Optimization Techniques for the Intel MIC Architecture. Part 1 of 3: Multi-Threading and Parallel Reduction

Posted on May 29, 2015 in Case Studies, Publications

This is part 1 of a 3-part educational series of publications introducing select topics on optimization of applications for the Intel multi-core and manycore architectures (Intel Xeon processors and Intel Xeon Phi coprocessors).

In this paper we focus on thread parallelism and race conditions. We discuss the usage of mutexes in OpenMP to resolve race conditions. We also show how to implement efficient parallel reduction using thread-private storage and mutexes. For a practical illustration, we construct and optimize a micro-kernel for binning particles based on their coordinates. Workloads like this one occur in such applications as Monte Carlo simulations, particle physics software, and statistical analysis.

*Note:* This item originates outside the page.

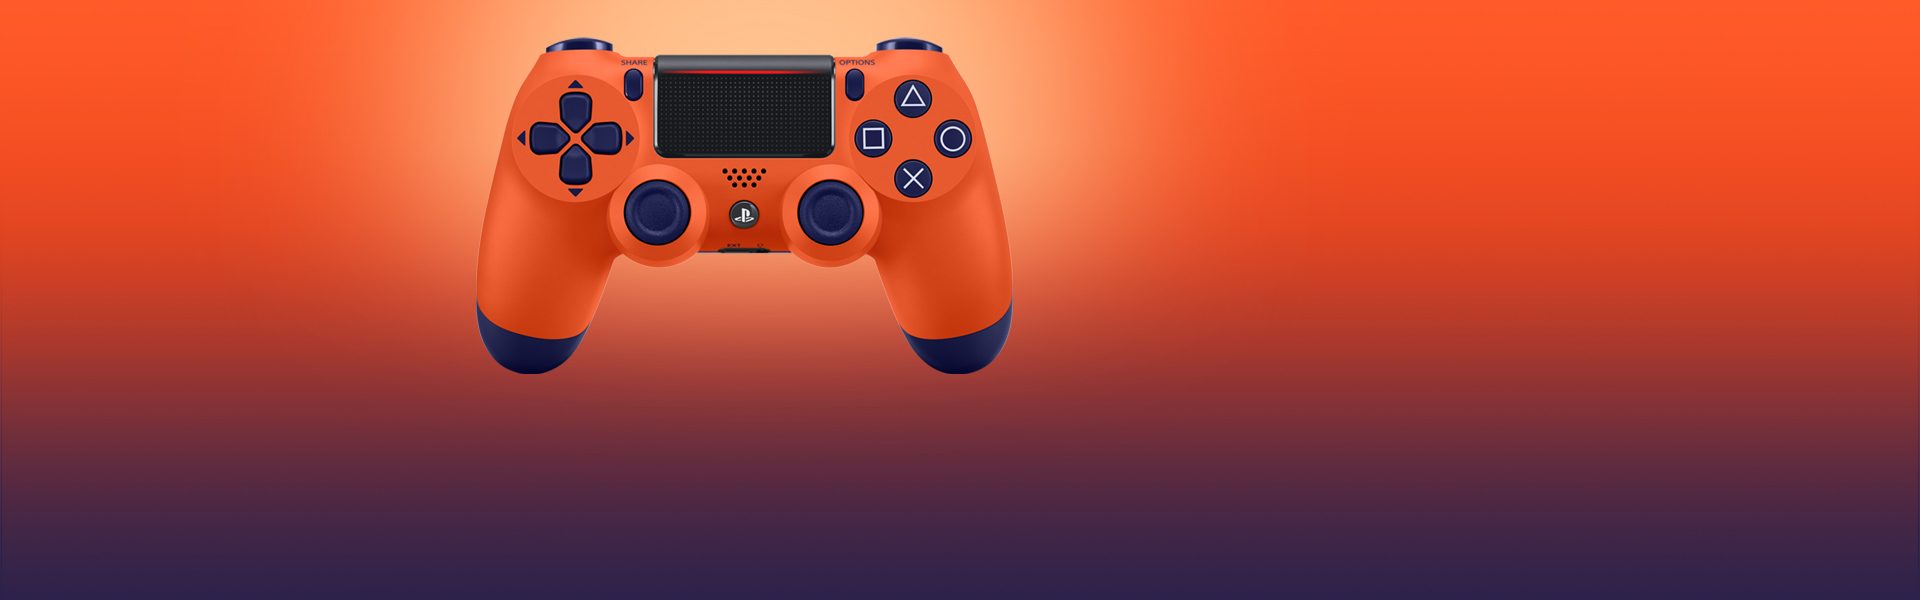 playstation 4 sunset orange controller

The optimization technique discussed in this paper leads to a performance increase of 25x on a 24-core CPU and up to 100x on the MIC architecture compared to a single-threaded implementation on the same architectures.

In the next publication of this series, we will demonstrate further optimization of this workload, focusing on vectorization.

See also:

Part 1: Multi-Threading and Parallel Reduction
Part 2: Strip-Mining for Vectorization
Part 3: False Sharing and Padding

Complete paper: Colfax_Optimization_Techniques_1_of_3.pdf (370 KB)
Source code for Linux: Colfax_Tutorial_Binning.zip (6 KB)
Or read online at TechEnablement

Andrey // June 26, 2015 at 11:30 pm //

Part 2 of 3 is also published and can be found here: http://colfaxresearch.com/?p=709

nitya // August 17, 2015 at 12:55 pm //

Hi,

Thanks for the article. The label for Figure 3 appears to be the same as that for Figure 2, please check and correct.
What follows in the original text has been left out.